Thursday, April 02, 2009

Leveraging Fraud

I've been reading a few sites about white collar fraud.

In the YouTube Clip below, the former CPA and convicted fraudster Barry Minkow talks about the ways that white collar criminals use complex financial schemes with multiple entities leveraging against each other to commit fraud.

An interesting theme is that the most common fraud of small private firms is tax evasion. Companies would make profits look lower than they were to evade taxes.

When they are trying to take a leveraged position, fraudulent firms inflate profits to inflate their leveraging power. Both the tax evasion fraud and leveraged fraud are evil and wrong. The problem with leverage is that a highly leveraged fraud does much more damage than a small private non-leveraged fraud.

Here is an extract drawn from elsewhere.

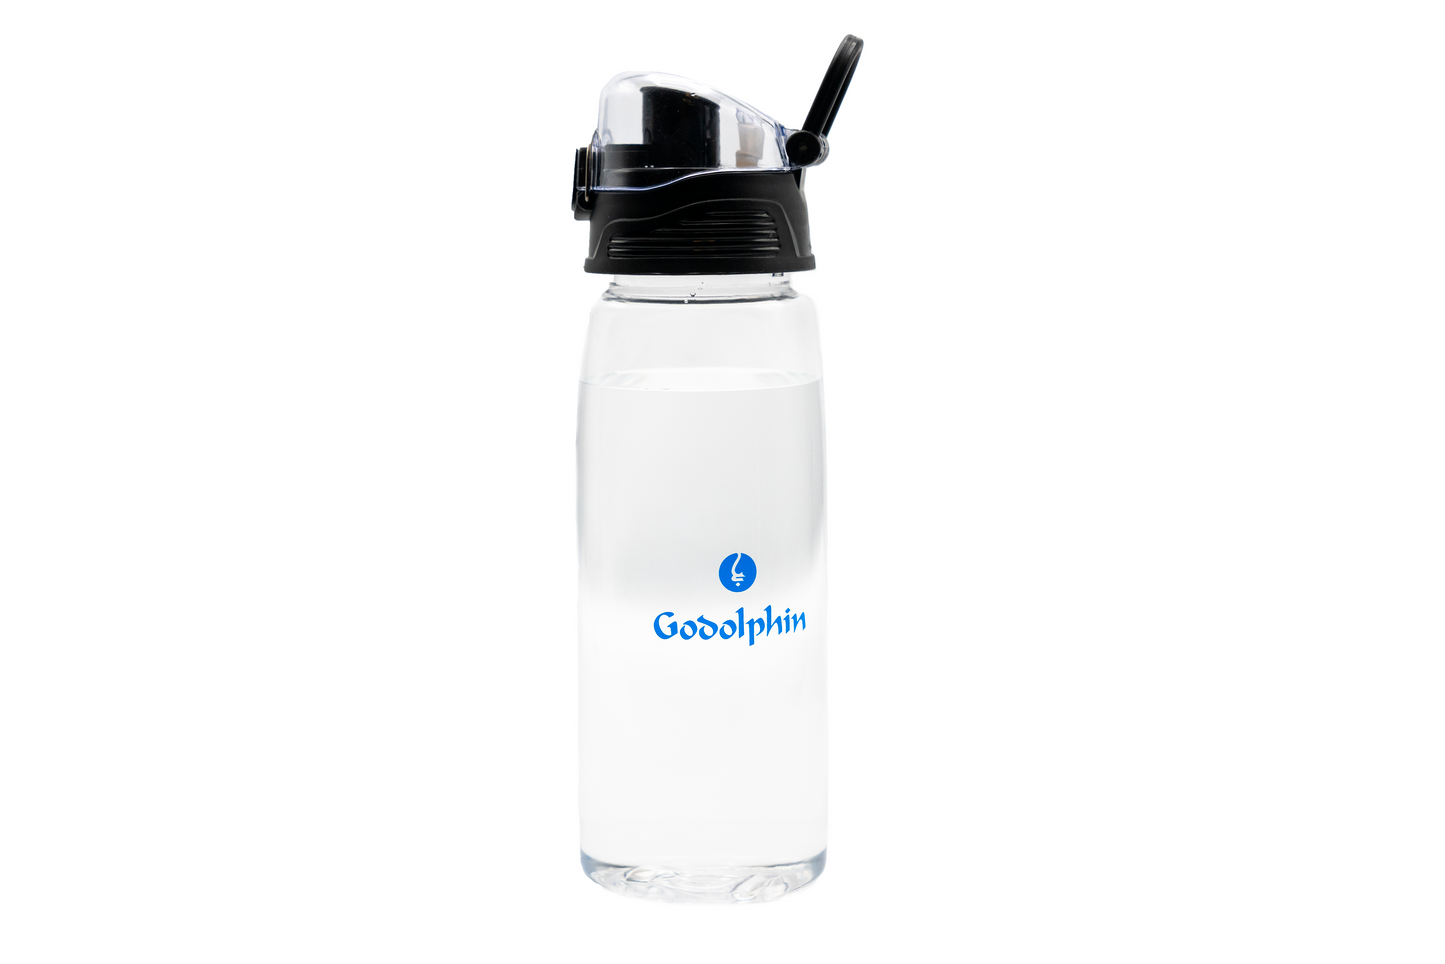 Godolphin Water Bottle

It appears that Minkow is wanting an improved auditing system.

My thoughts go in a different direction. My beef is with the financial tools that allow companies to take hugely leveraged positions. These tools effectively magnify the impact of a fraud.

Auditing plays an important role in leveraging. Financial institutions give leverage to a firm based on the audited numbers.

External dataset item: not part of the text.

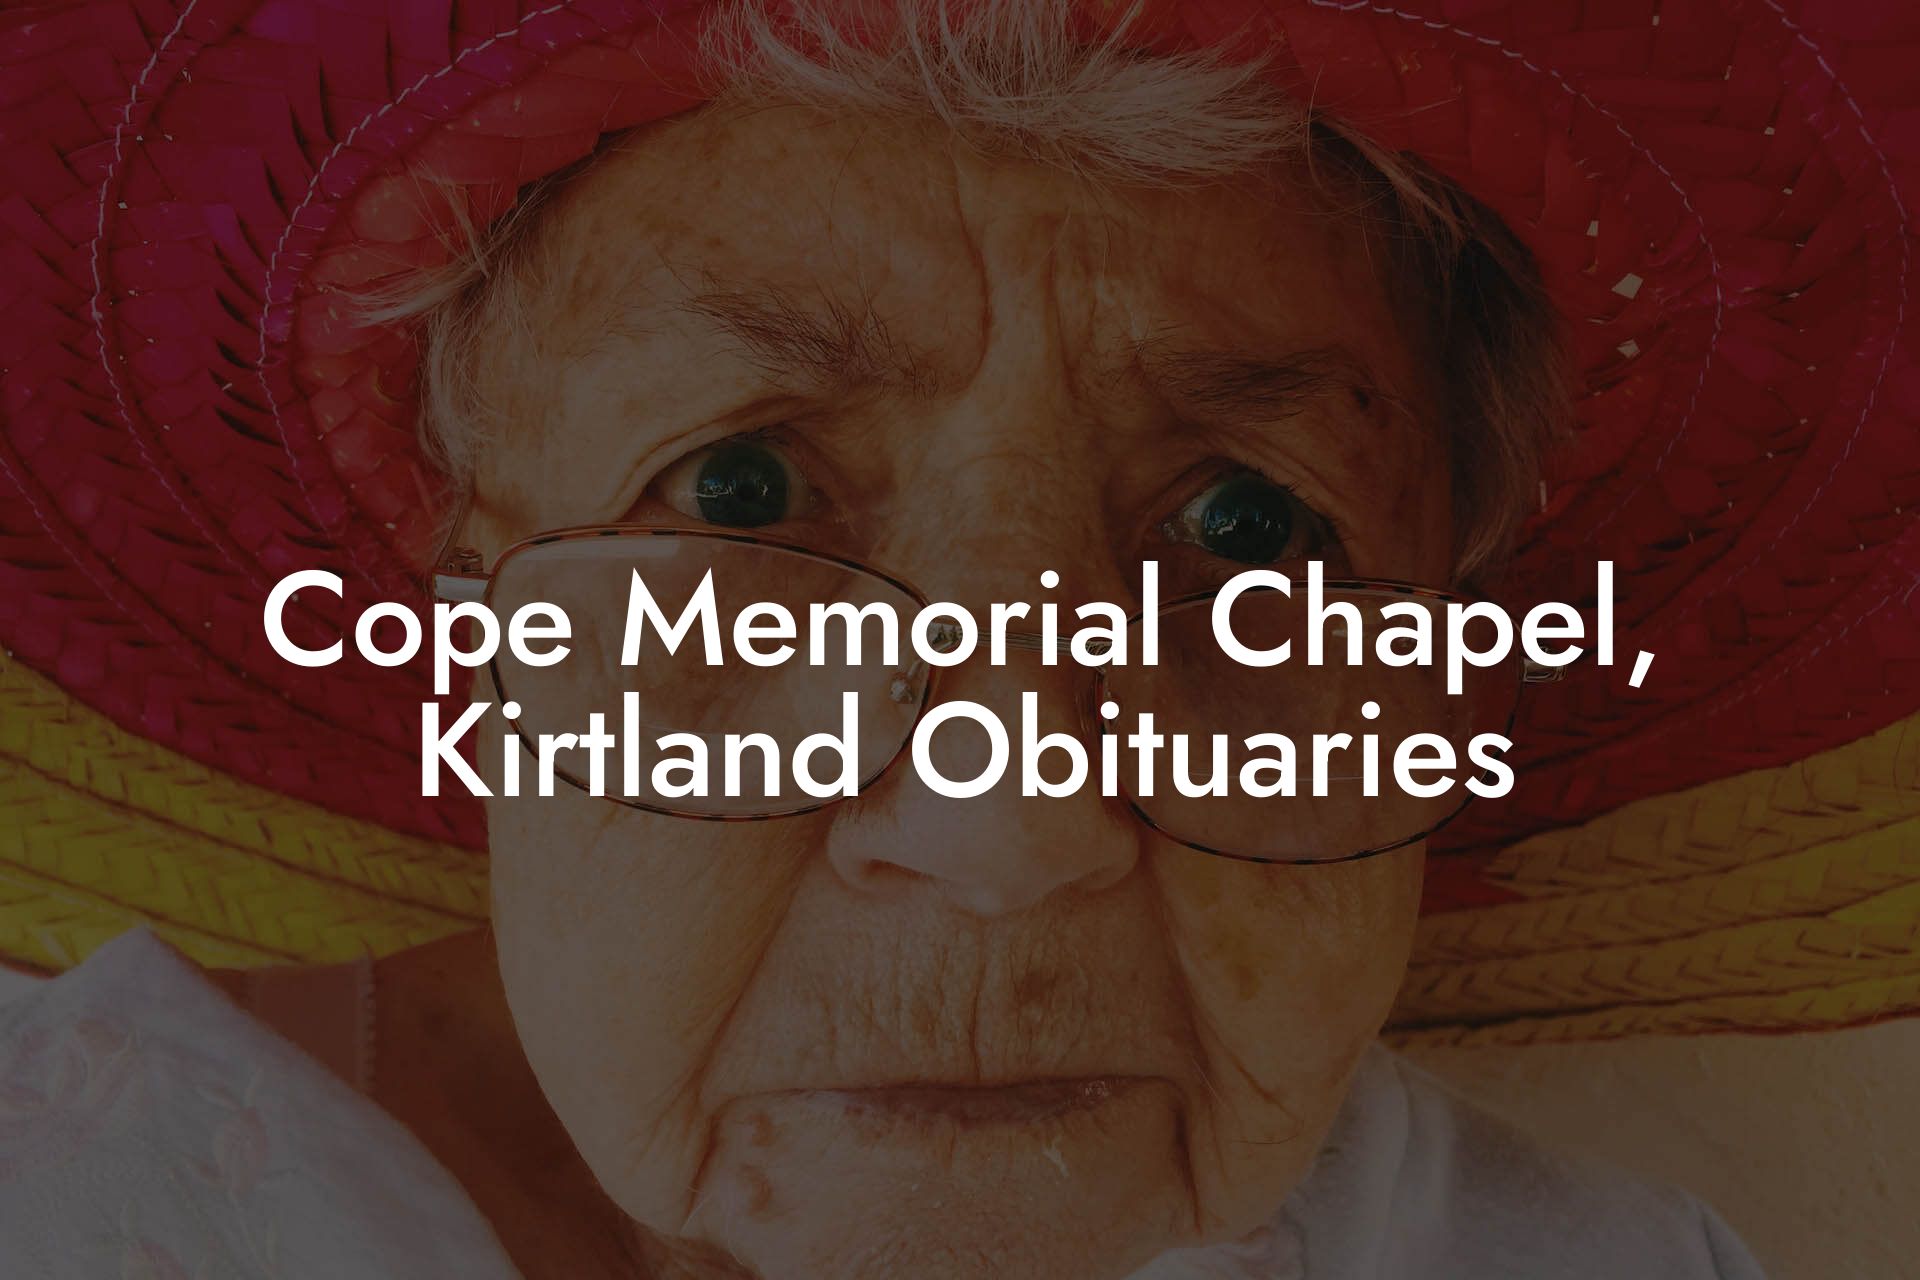 Cope Memorial Chapel Kirtland Obituaries

The audited numbers, of course, come from the CPAs and auditing firms. A CPA willing to commit fraud need simply become adept at showing auditors want they want to see. They then leverage off the goodwill given by the auditors.

Truly honest firms are unable to show auditors what that auditors what the auditors want to see.

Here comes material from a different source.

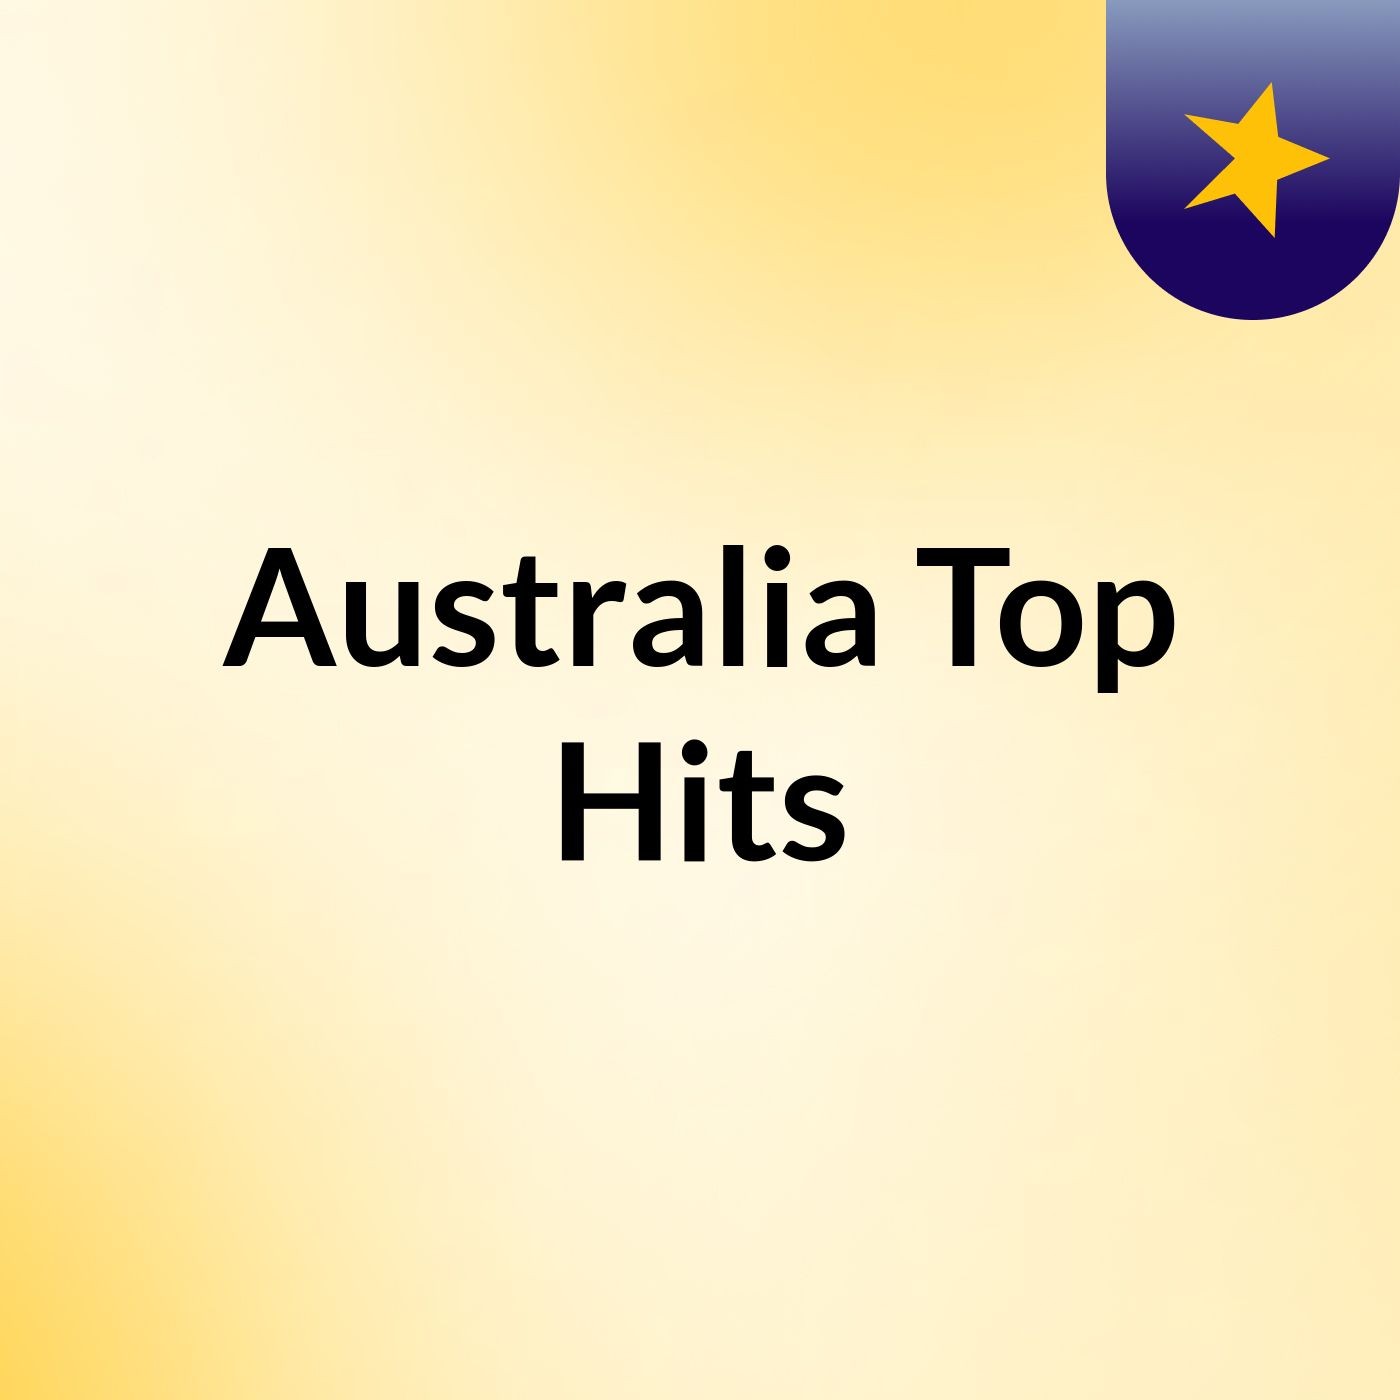 Australia Top Hits

The system of hyper-leveraging that exists in the market allows dishonest firms to leverage ficticious audited numbers and bowl over the honest competition.

Dishonesty is a big problem. The financial system designed to give investors massive massive leveraging poweer in the market has created a world where the bad guys are able to massively leverage their dishonesty and magnify the hurt created by their efforts.

As the dishonest player will always be adept at lying to auditors, the solution to the problem is to deleverage and to break the tools that allow hugely leveraged positions.